In the related art, the video prediction technology generally extrapolates a historical video image by using an optical flow method to obtain a future video image. However, the problem of inaccurate prediction exists in the image extrapolation by the optical flow method.
Disclosure of Invention
In view of the foregoing, it is desirable to provide a video prediction method, apparatus, computer device and storage medium capable of improving prediction accuracy.
A method of video prediction, the method comprising:
acquiring a historical optical flow information sequence corresponding to a historical video; the historical video is formed by arranging N historical images according to a time sequence, the historical optical flow information sequence comprises N-1 historical optical flow information, and the historical optical flow information represents the optical flow change characteristics between one historical image and the previous historical image;
predicting according to the historical optical flow information sequence to obtain a predicted optical flow information sequence; the predicted optical flow information sequence comprises a plurality of pieces of predicted optical flow information, and the predicted optical flow information represents optical flow change characteristics between each predicted image and a previous image;
determining first time-space information corresponding to the predicted video according to the predicted optical flow information sequence; the first time-space information comprises the time characteristics and the space characteristics corresponding to each prediction image;
and predicting according to the first time-space information and the historical video to obtain a plurality of predicted images, and forming a predicted video by the plurality of predicted images.
In one embodiment, the determining the first spatiotemporal information corresponding to the predicted video according to the sequence of predicted optical flow information includes:
performing deformation processing according to the predicted optical flow information sequence and the Nth historical image to obtain image content information corresponding to each predicted image;
and inputting the image content information corresponding to each predicted image into a pre-trained encoding network to obtain the time characteristics and the space characteristics corresponding to each predicted image output by the encoding network, and forming first time-space information by the time characteristics and the space characteristics corresponding to the plurality of predicted images.

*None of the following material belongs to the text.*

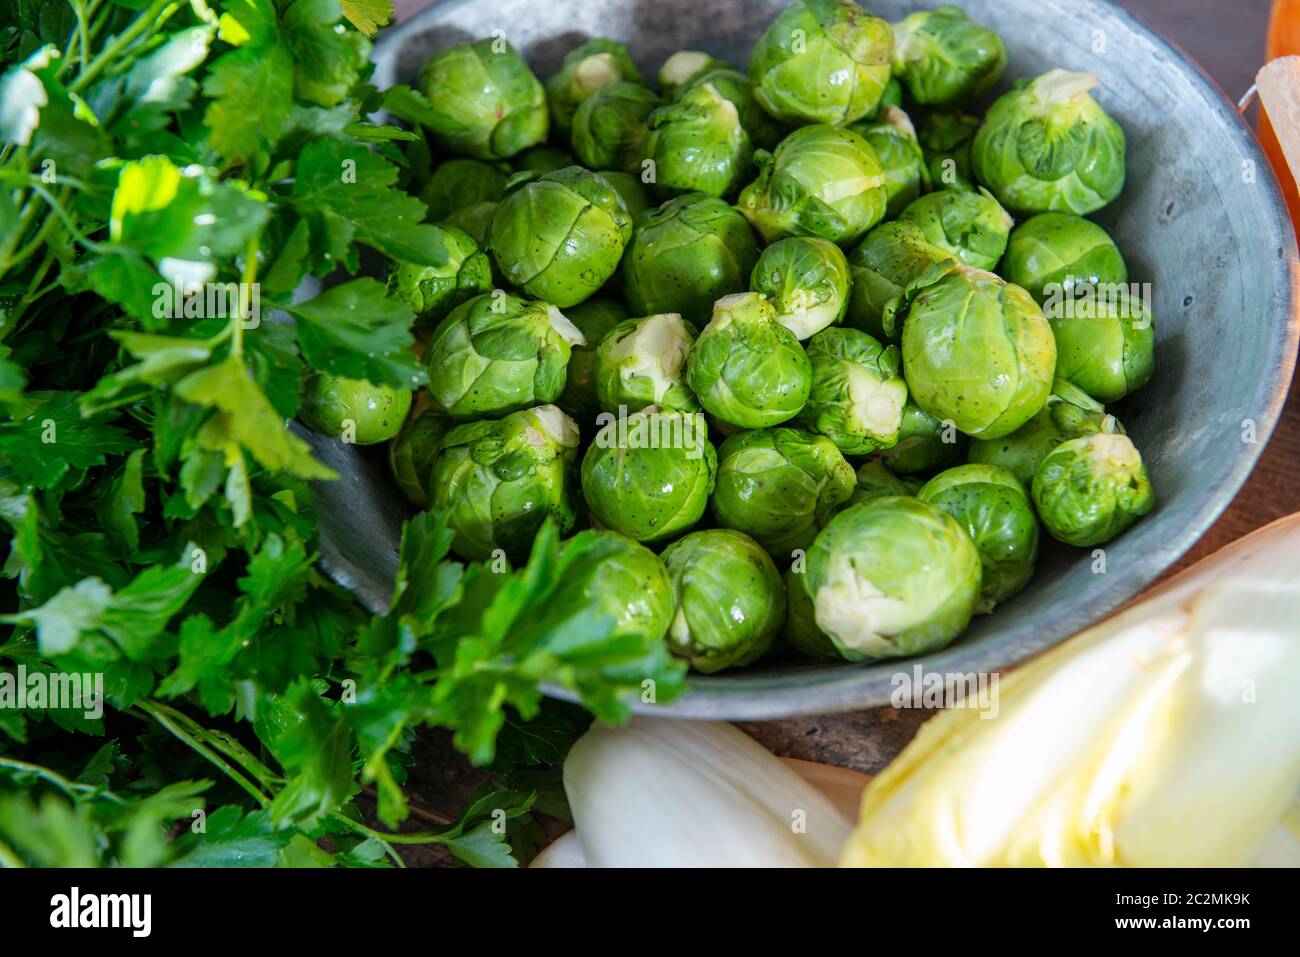 a group of fresh raw brussels sprouts Stock Photo

In one embodiment, the performing deformation processing according to the predicted optical flow information sequence and the nth historical image to obtain image content information corresponding to each predicted image includes:
performing deformation processing on the Nth historical image according to the 1 st predicted optical flow information to obtain image content information corresponding to the 1 st predicted image;
performing deformation processing on the (i-1) th predicted image according to the ith predicted optical flow information to obtain image content information corresponding to the ith predicted image; wherein i is a positive integer greater than 1.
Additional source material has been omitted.